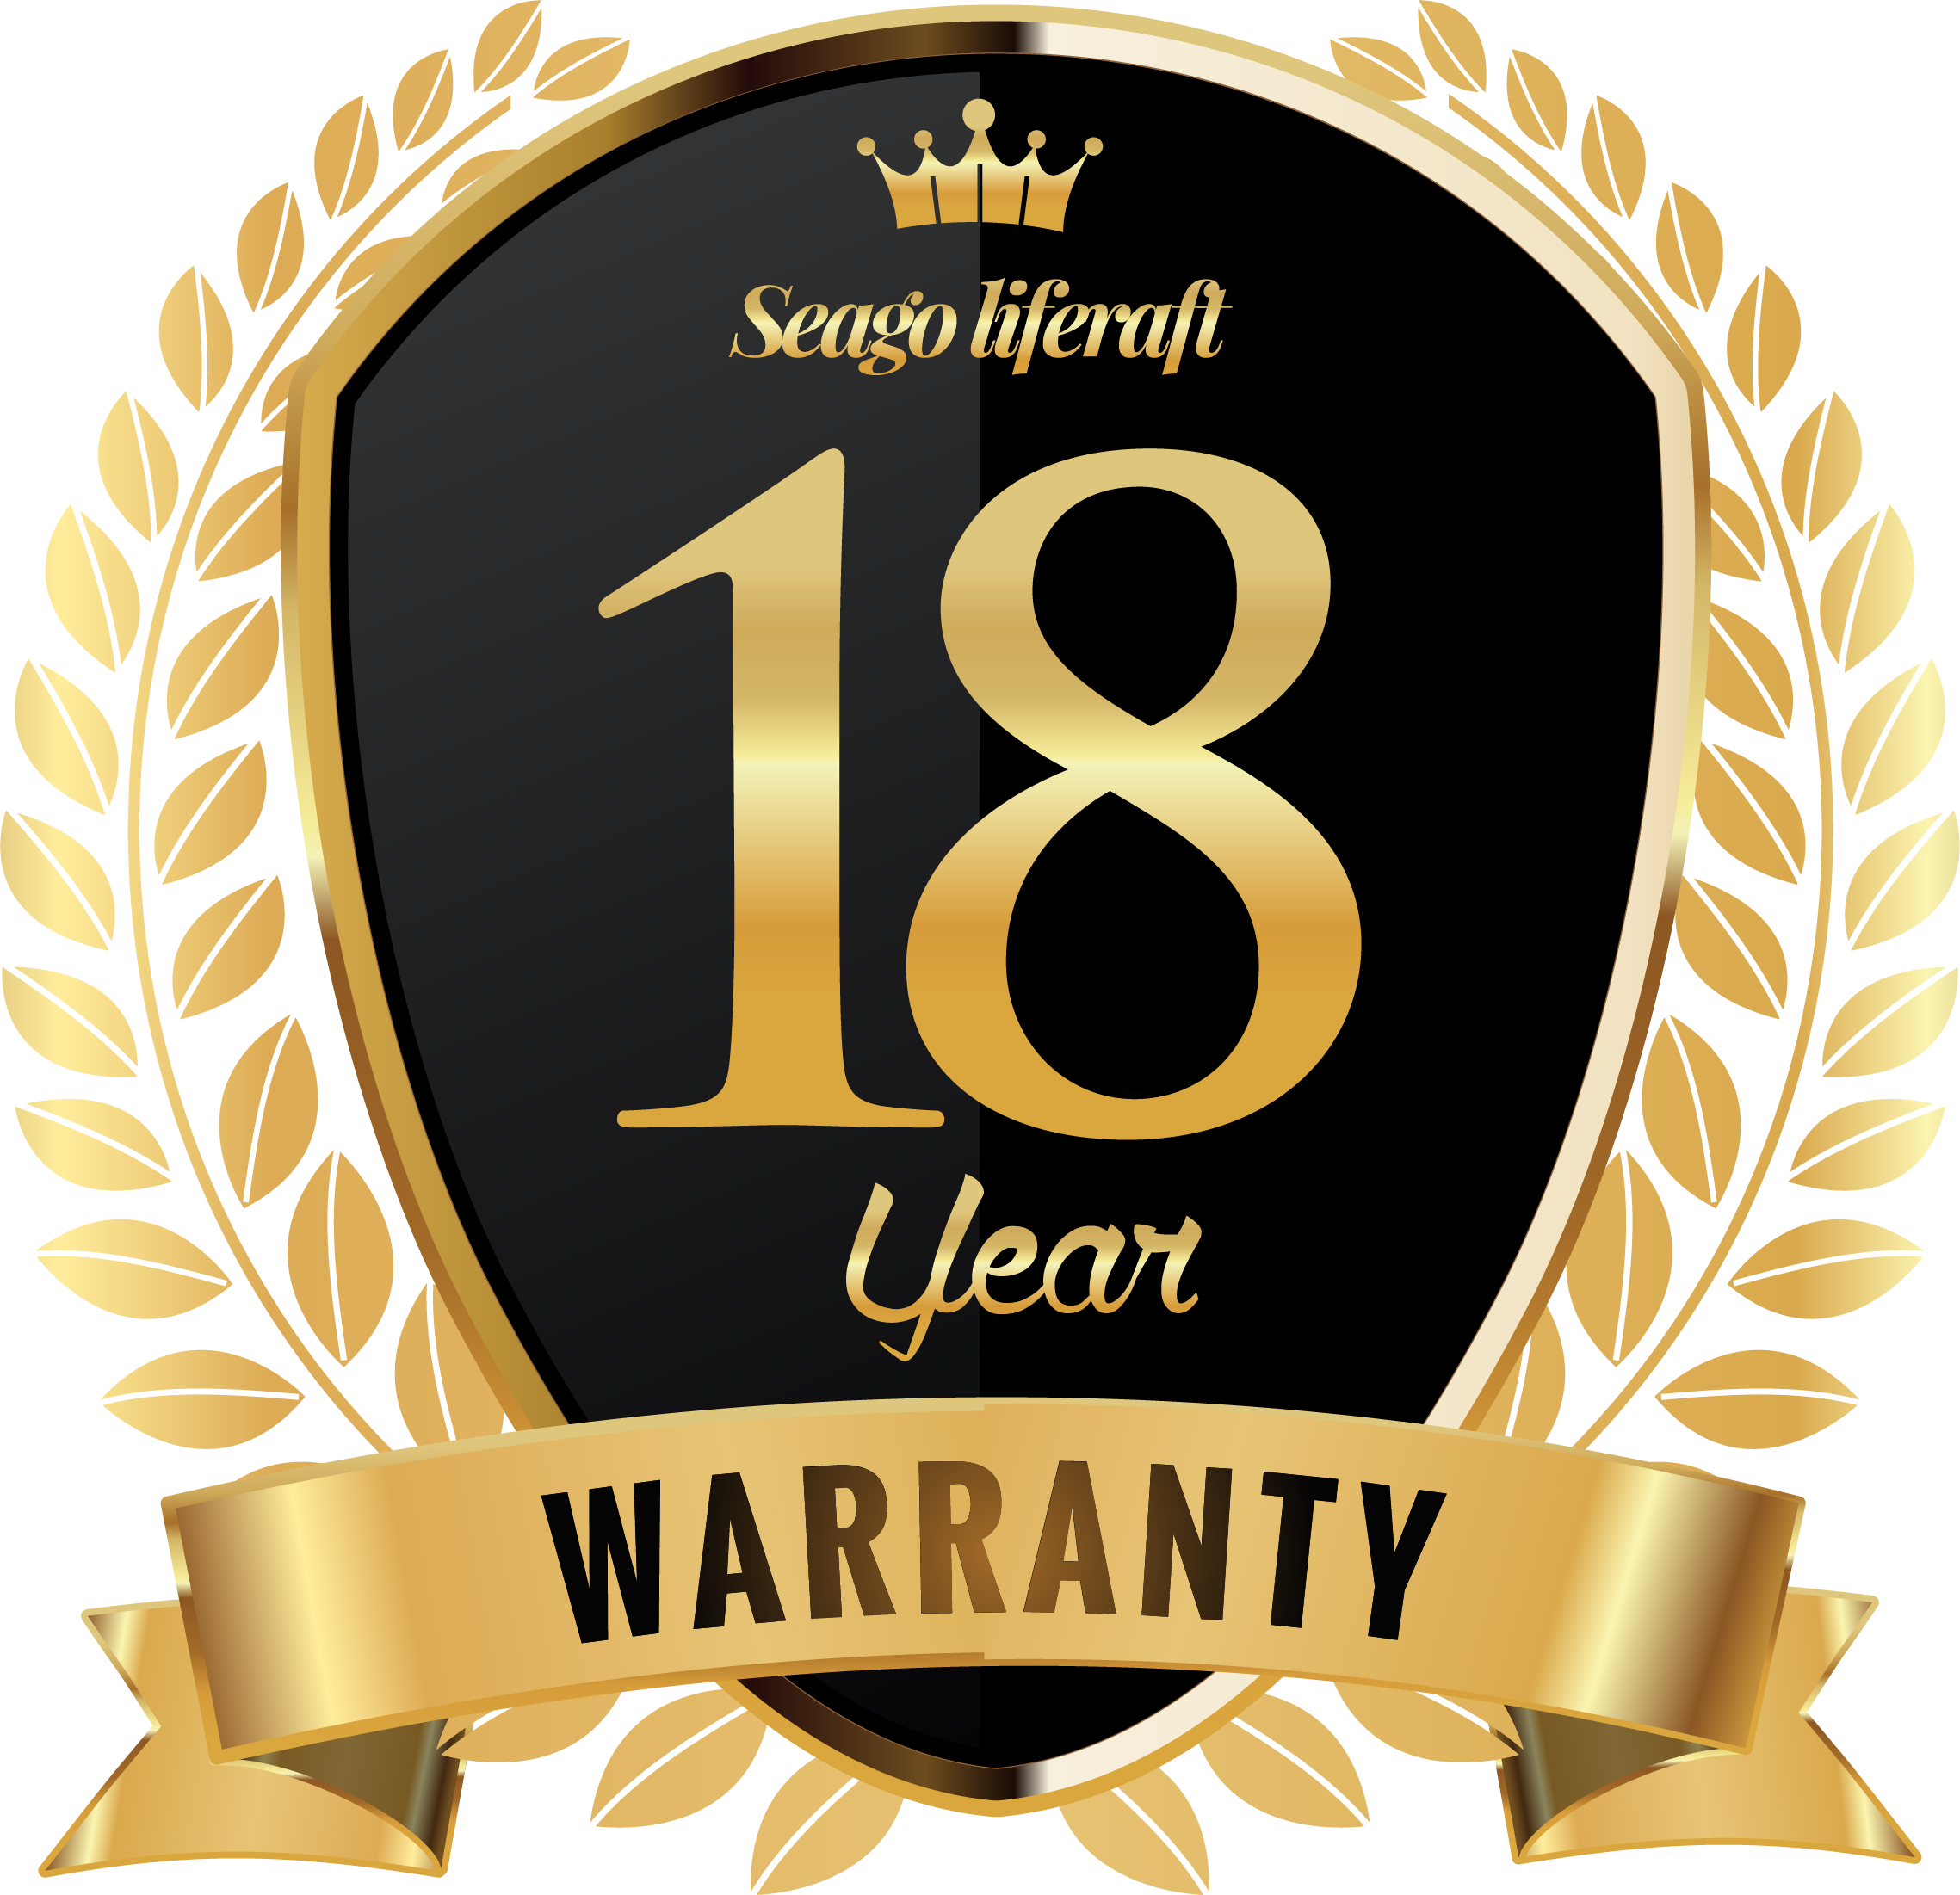 Seago 18 year liferaft warranty
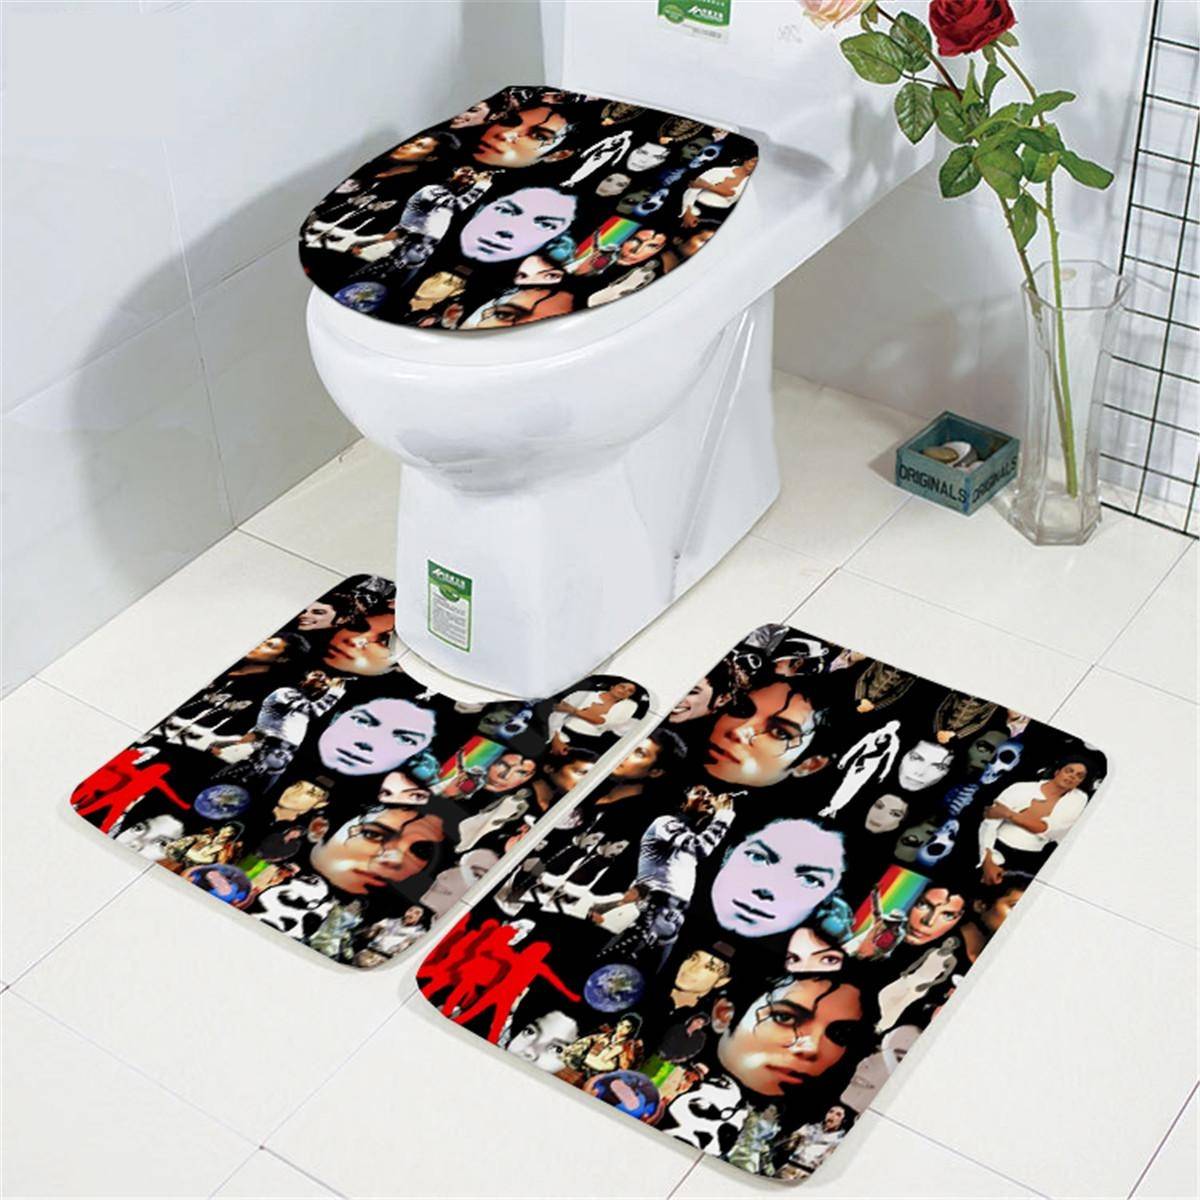 Michael Jackson pattern 3D printed Bathroom Set Bathroom cb5feb1b7314637725a2e7: 1|2|4|6
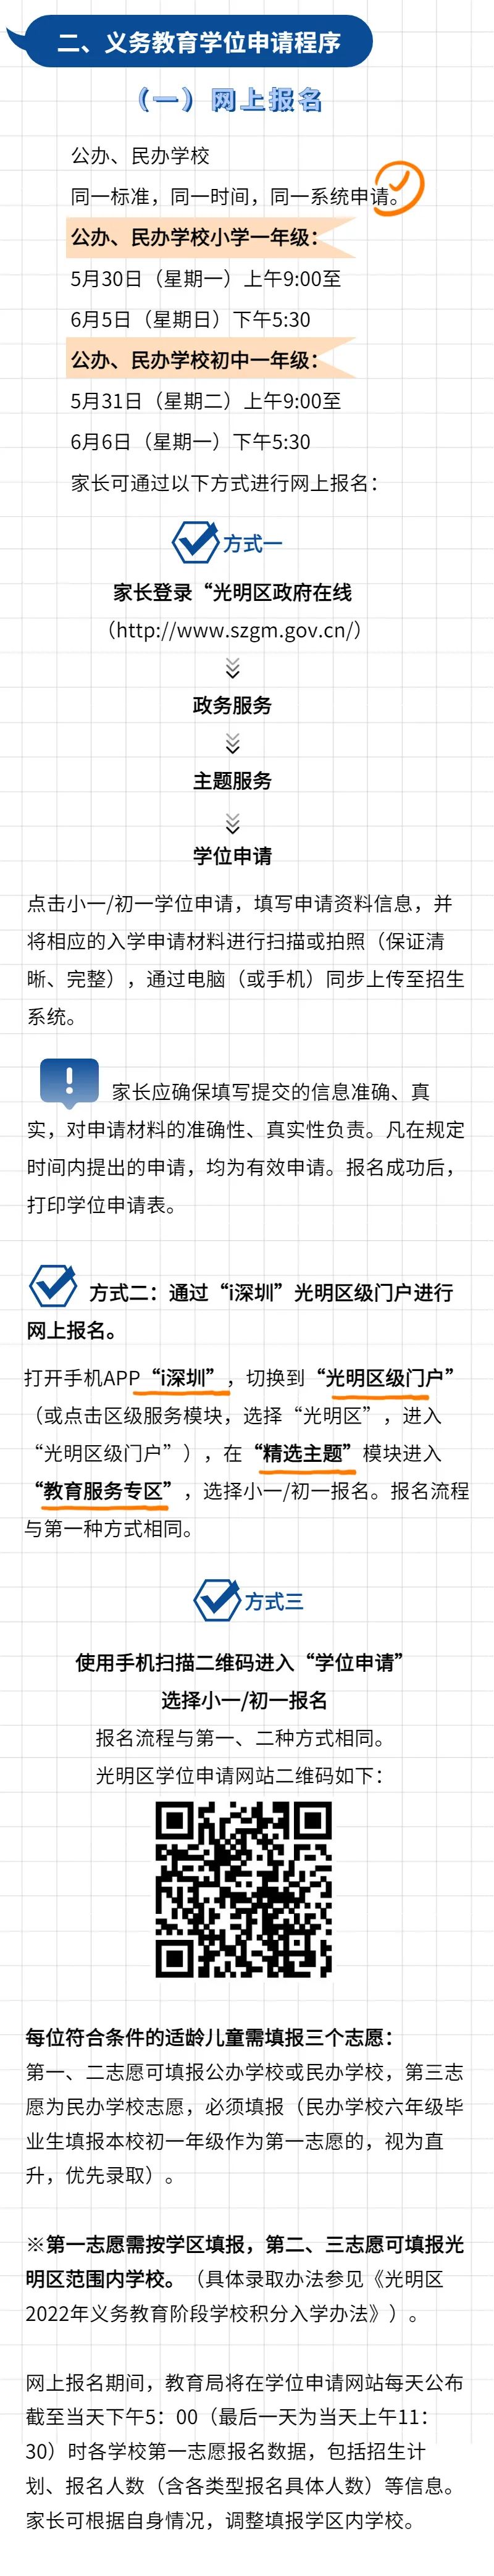 2022深圳光明区小一初一学位申请指南

**Work required:**
Could you return the listing above exactly, minus its pictures?

**Response:**
 Seago 18 year liferaft warranty
 Michael Jackson pattern 3D printed Bathroom Set Bathroom cb5feb1b7314637725a2e7: 1|2|4|6
 2022深圳光明区小一初一学位申请指南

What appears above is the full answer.